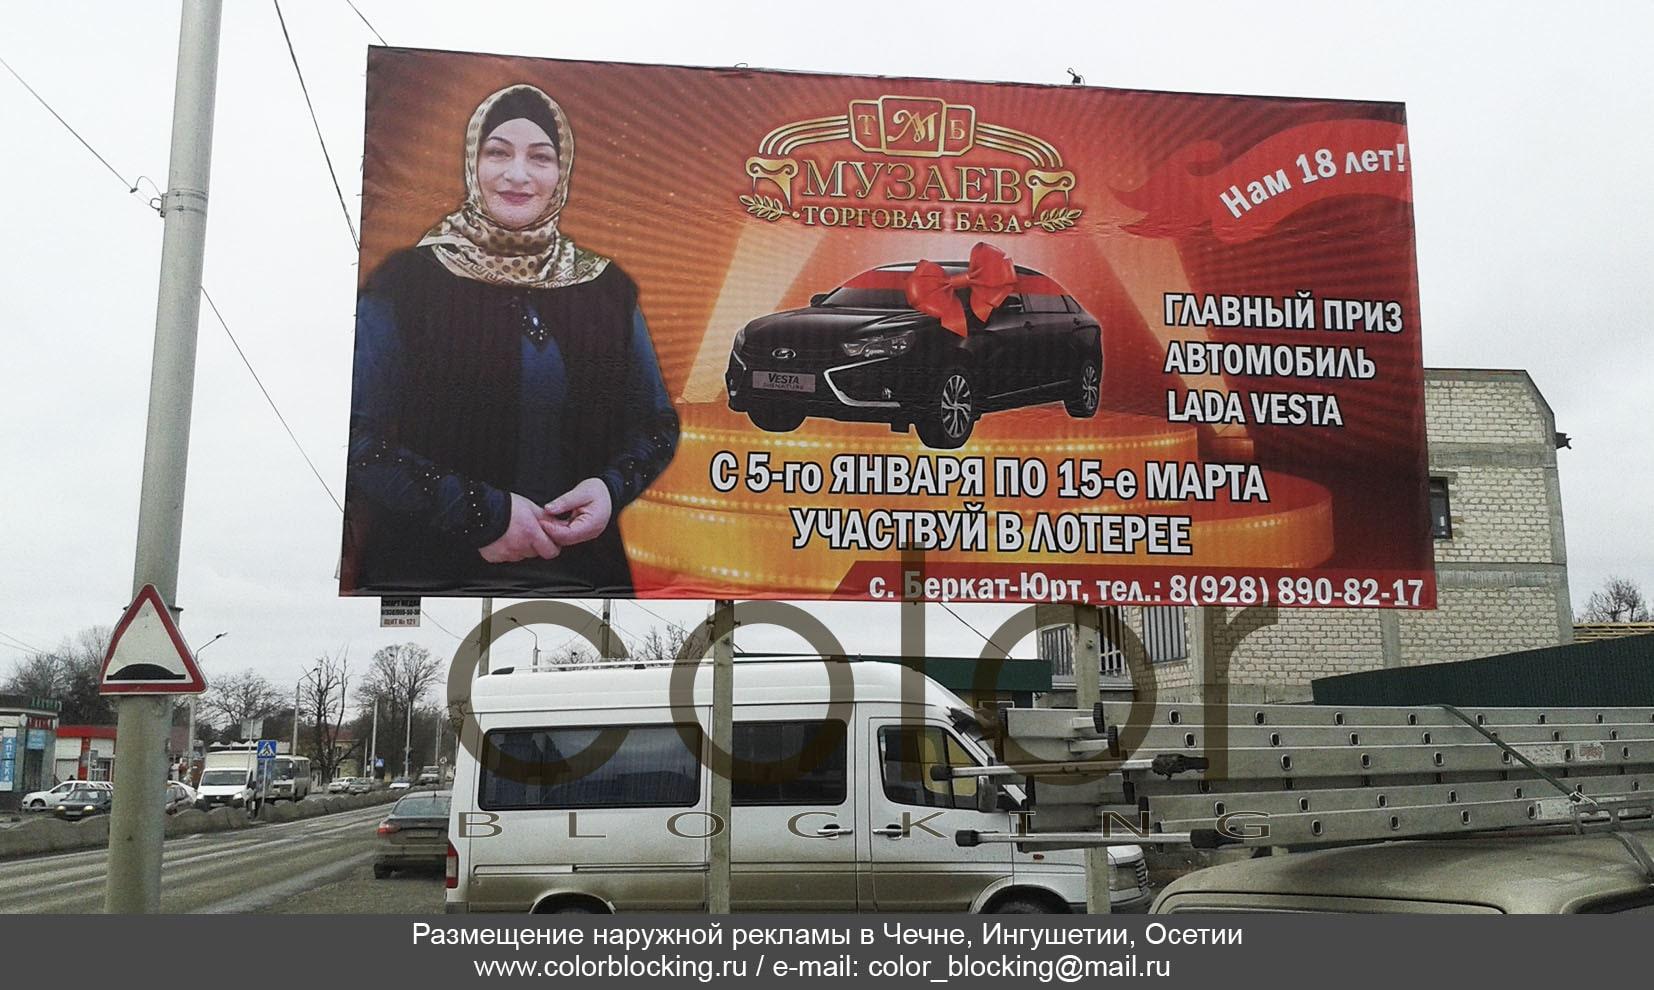 Чечня рекламные щиты проспект
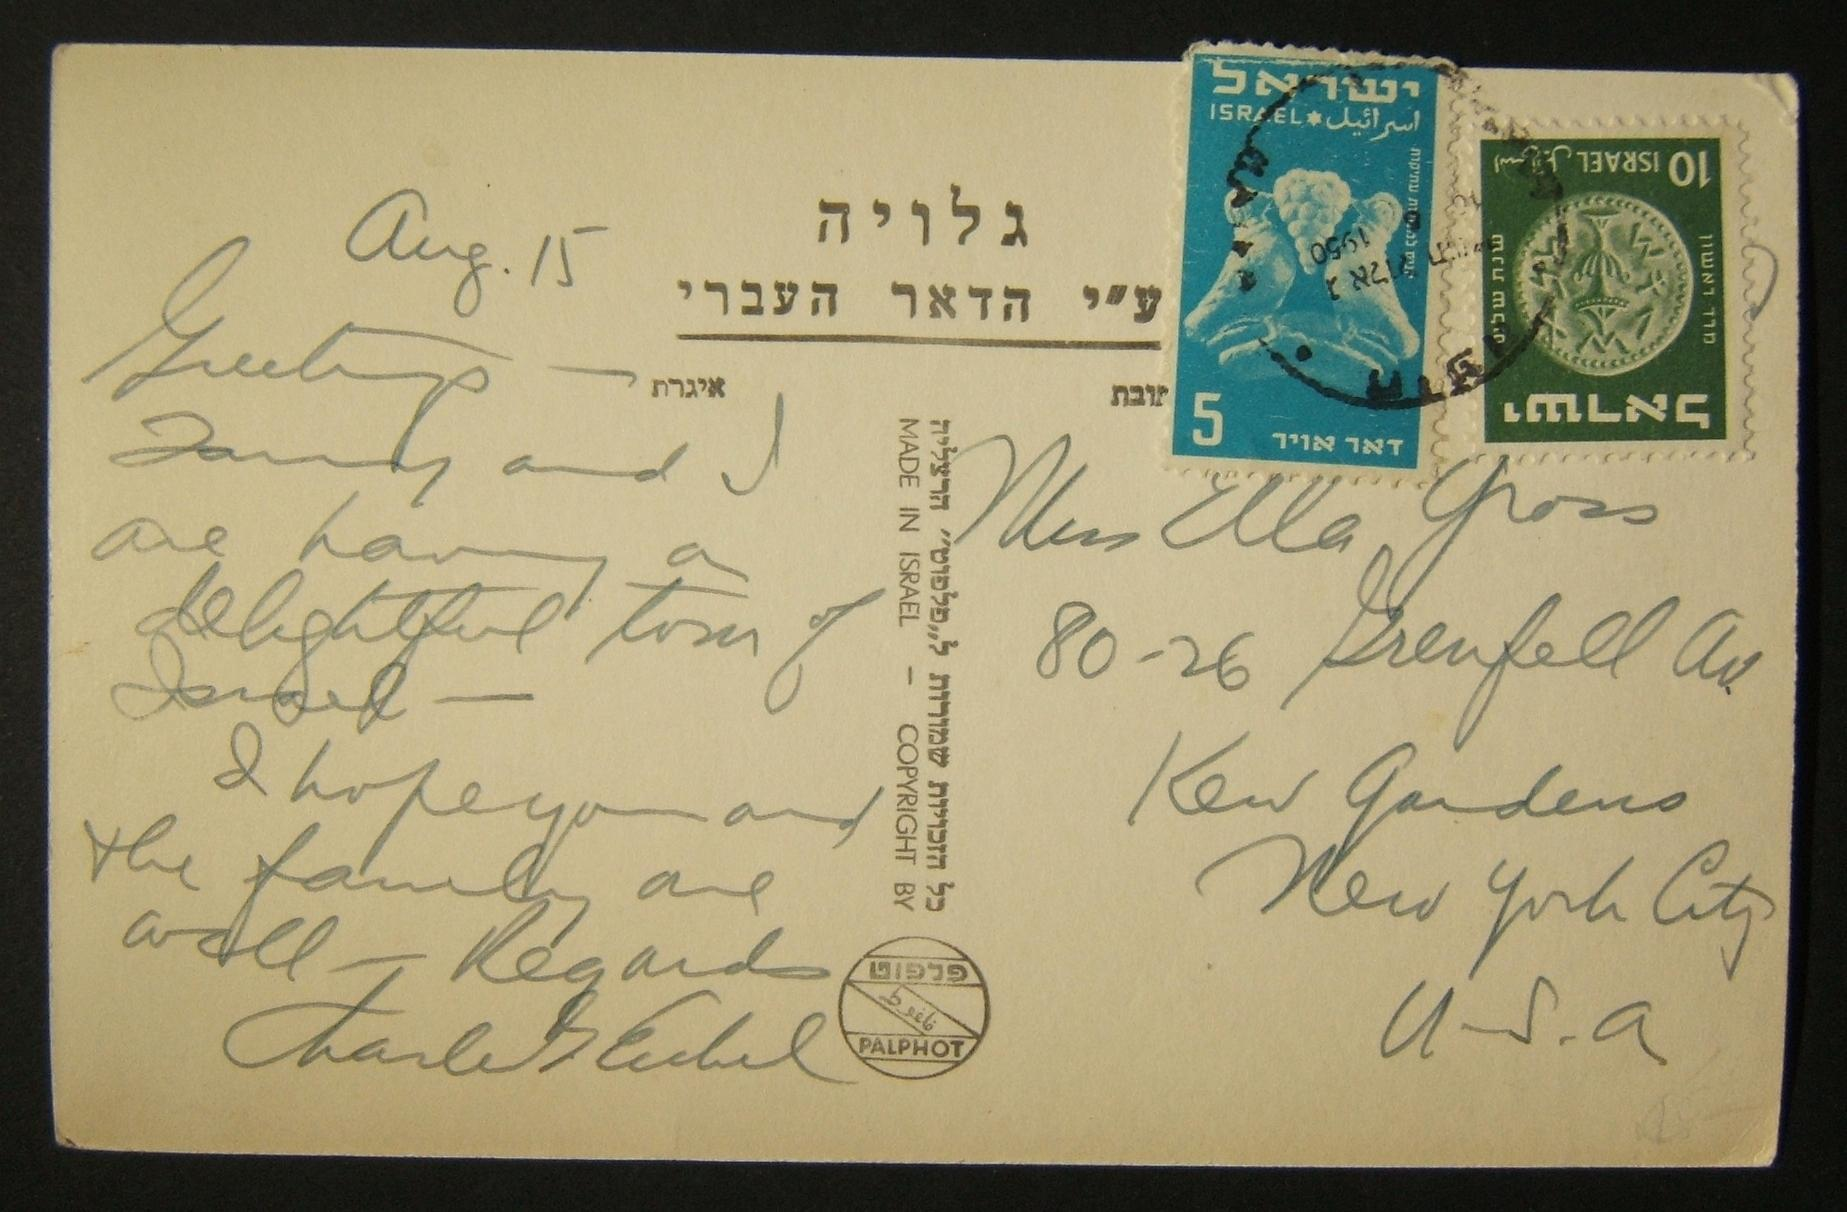 8/1950 طبعت بطاقة بريدية من هيفاء إلى الولايات المتحدة مع الطوابع البريدية الأولى / طوابع العملة الثانية
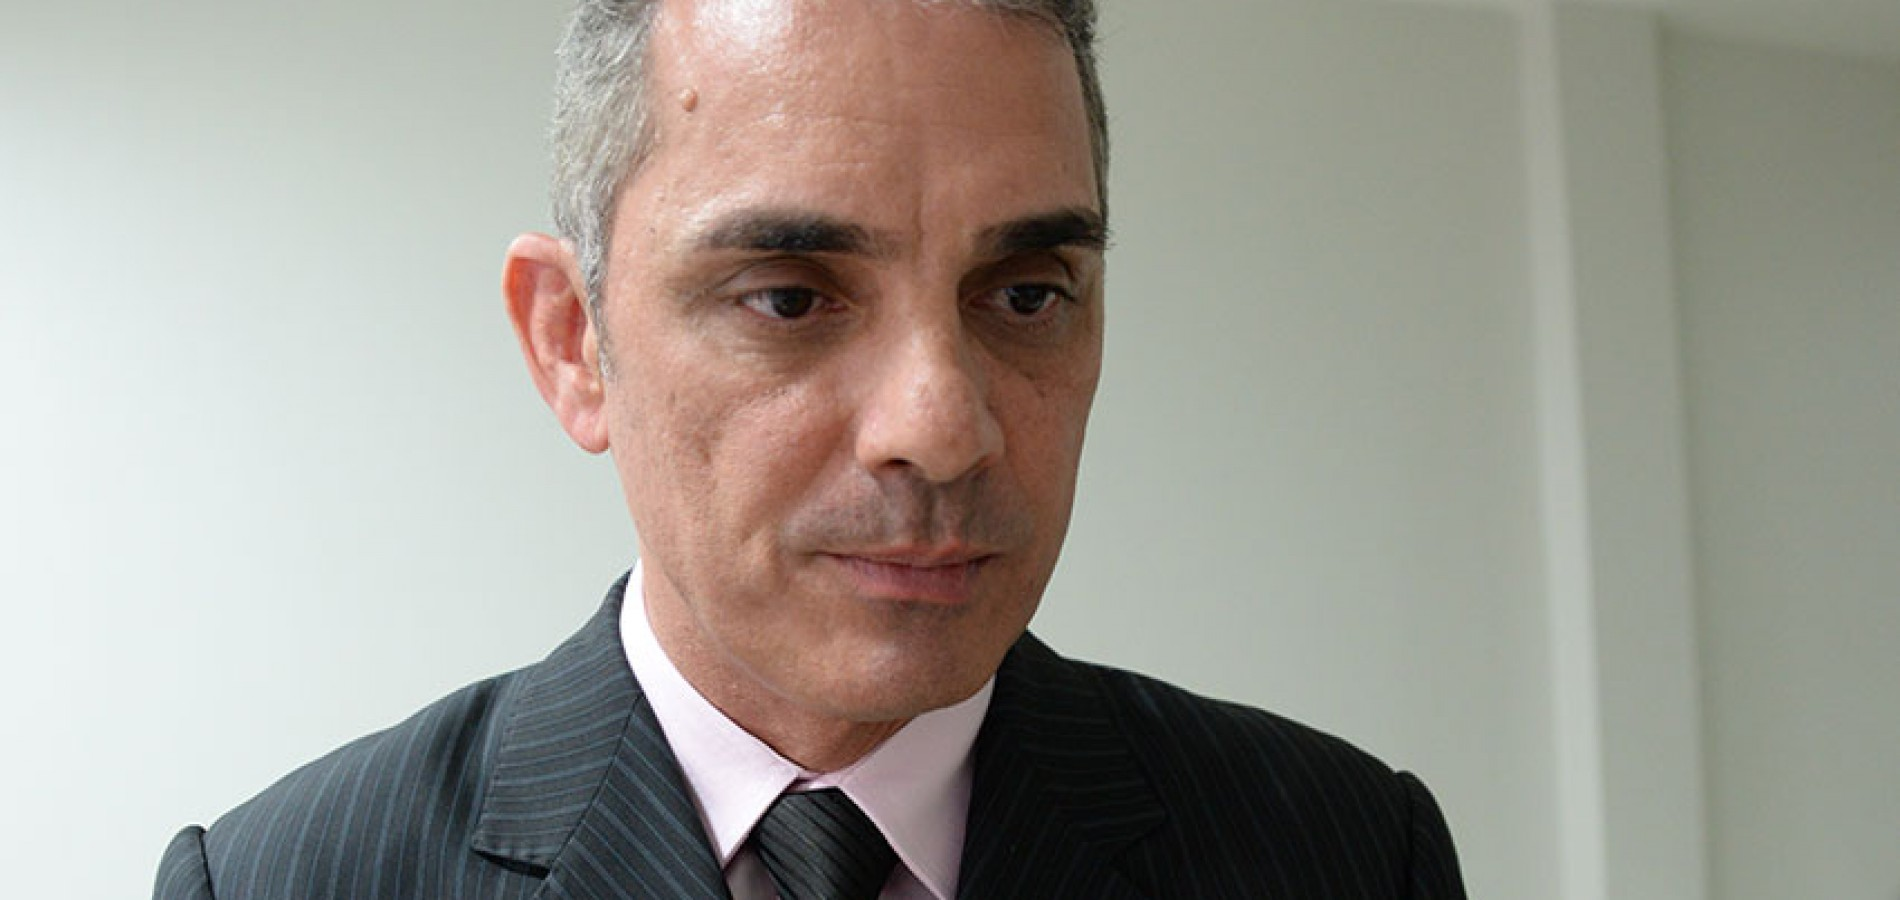 Portaria proíbe delegado de investigar autoridades no Piauí

####

▸ **Task item**:
Without the images, print all of the lines above exactly.

▸ **Reply to the task**:
 Чечня рекламные щиты проспект
 8/1950 طبعت بطاقة بريدية من هيفاء إلى الولايات المتحدة مع الطوابع البريدية الأولى / طوابع العملة الثانية
 Portaria proíbe delegado de investigar autoridades no Piauí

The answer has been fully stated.